PALESTINE
Thu 20 Jun 2024 11:26 am - Jerusalem Time
War in Gaza: foreign investors turn away from Israel
By Pascal Brunel
More than eight months of war in the Gaza Strip have caused a brutal drop in investments in Israel, as well as the start of a flight of local capital.
The Israeli economy is paying a heavy price after eight months of war in the Gaza Strip and on the border with Lebanon. Images of the fighting caused a sharp 55.8% drop in foreign direct investment (FDI) in Israel during the first quarter of this year.
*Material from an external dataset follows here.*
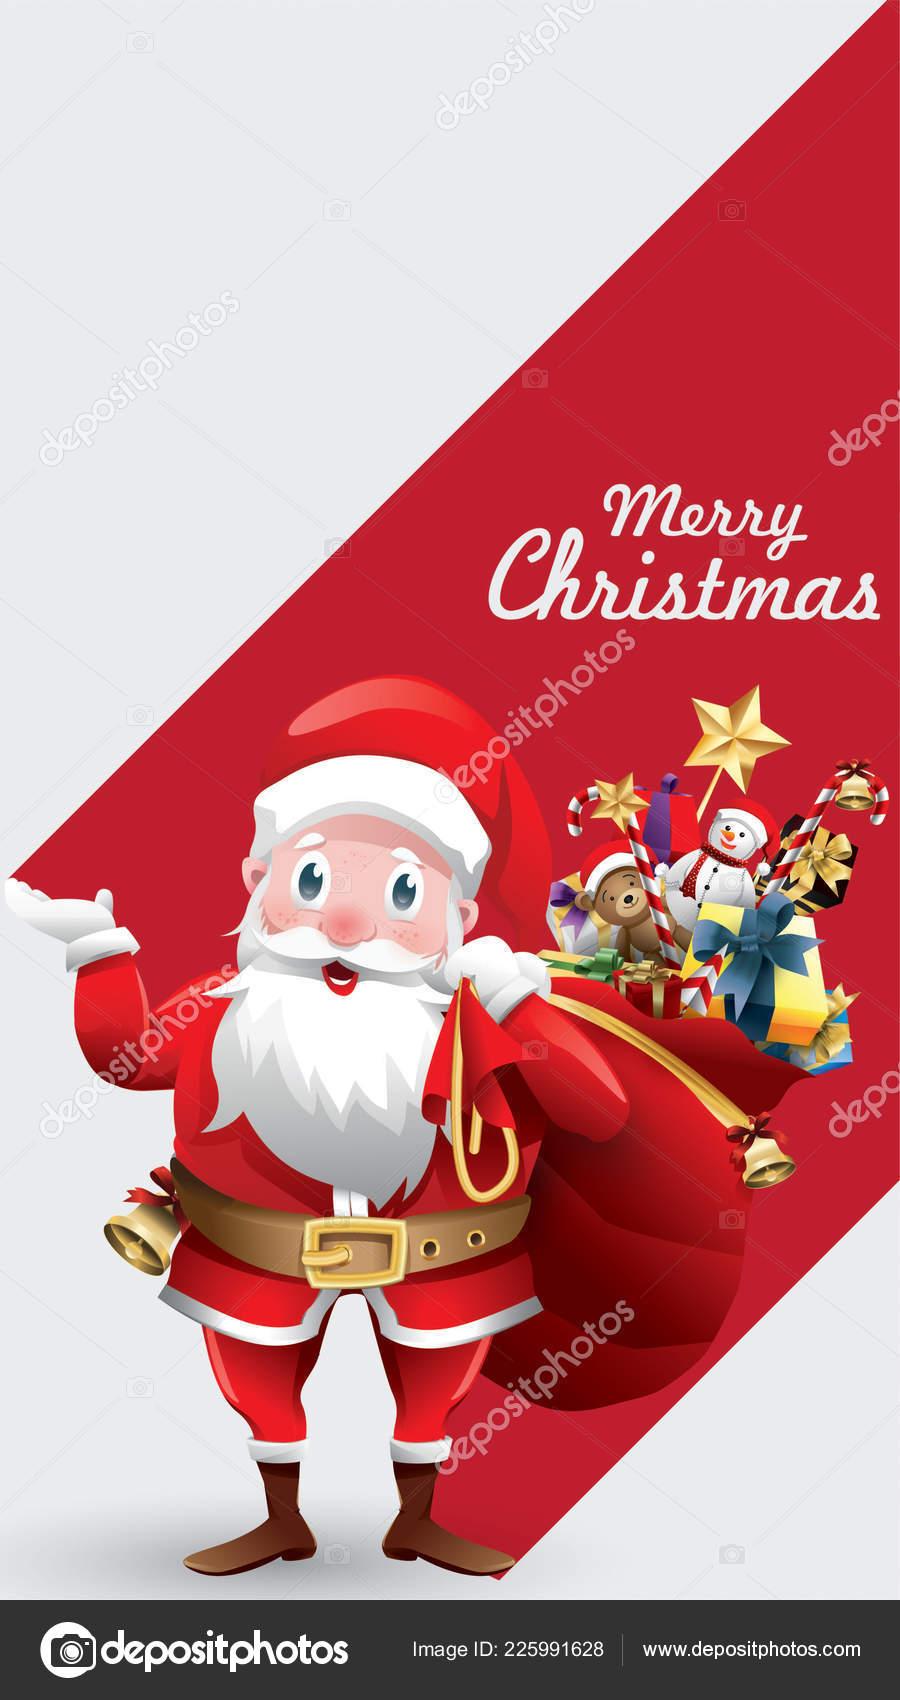 Merry Xmas Cartoon Pics : merry, cartoon, Merry, Christmas, Happy, Cartoon, Santa, Claus, Vector, Image, Vavectors, Stock, 225991628

They barely passed the $1 billion mark while reaching a quarterly average of $4.8 billion over the previous four years.
This retention is no longer a simple accident. It comes as during the last three months of 2023, when war broke out following massacres committed by Hamas on October 7 in southern Israel, foreign direct investment had already suffered a decline of 50%, according to official data from the Israeli statistics office released Tuesday.
High-tech very affected
“This regression is all the more worrying as it concerns long-term establishment operations of foreign companies in the form, for example, of the creation of subsidiaries and takeovers of companies in Israel,” underlines an official from the Ministry of Finance. According to him, these investments “make it possible to mobilize capital, but also to offer access to new technologies which promotes innovation and productivity, as well as management methods”.
The growing reluctance of investors is all the more painful as 80% of it is concentrated in high-tech, the jewel in the crown of the Israeli economy. This sector alone provides half of the exports of the Jewish state, which readily presents itself as the “start-up nation” par excellence. The American Intel has thus suspended work on the expansion of a microprocessor production factory in Israel, which was to constitute the largest foreign investment ever made in the country.
Another worrying sign: the Israelis themselves are starting to look for new, calmer horizons, especially in the United States. The amount of their direct investments abroad jumped by a quarter in the first quarter of this year to $3.6 billion, more than three times the number of such operations carried out by foreigners in Israel.
Disenchantment
For the Israeli economic daily “Calcalist”, it is also an act of defiance towards the economic policy of the government of Benjamin Netanyahu and his Minister of Finance, Bezalel Smotrich, leader of an ultranationalist party facing an explosion budget deficit to finance a war whose total cost could reach some $67 billion by 2025, according to projections by the Bank of Israel.
This disenchantment was also felt among the “millionaires”. For the first time in decades, Israel no longer appears in the list of ten most attractive countries for wealthy foreigners, according to the British firm Henley & Partners specializing in “the most sought-after migration and investment programs in the world ". “The current war has not only tarnished the image of Israel as a safe haven for this type of foreign investors, but also constitutes a threat to the economic results of this country”, according to the diagnosis established by this firm.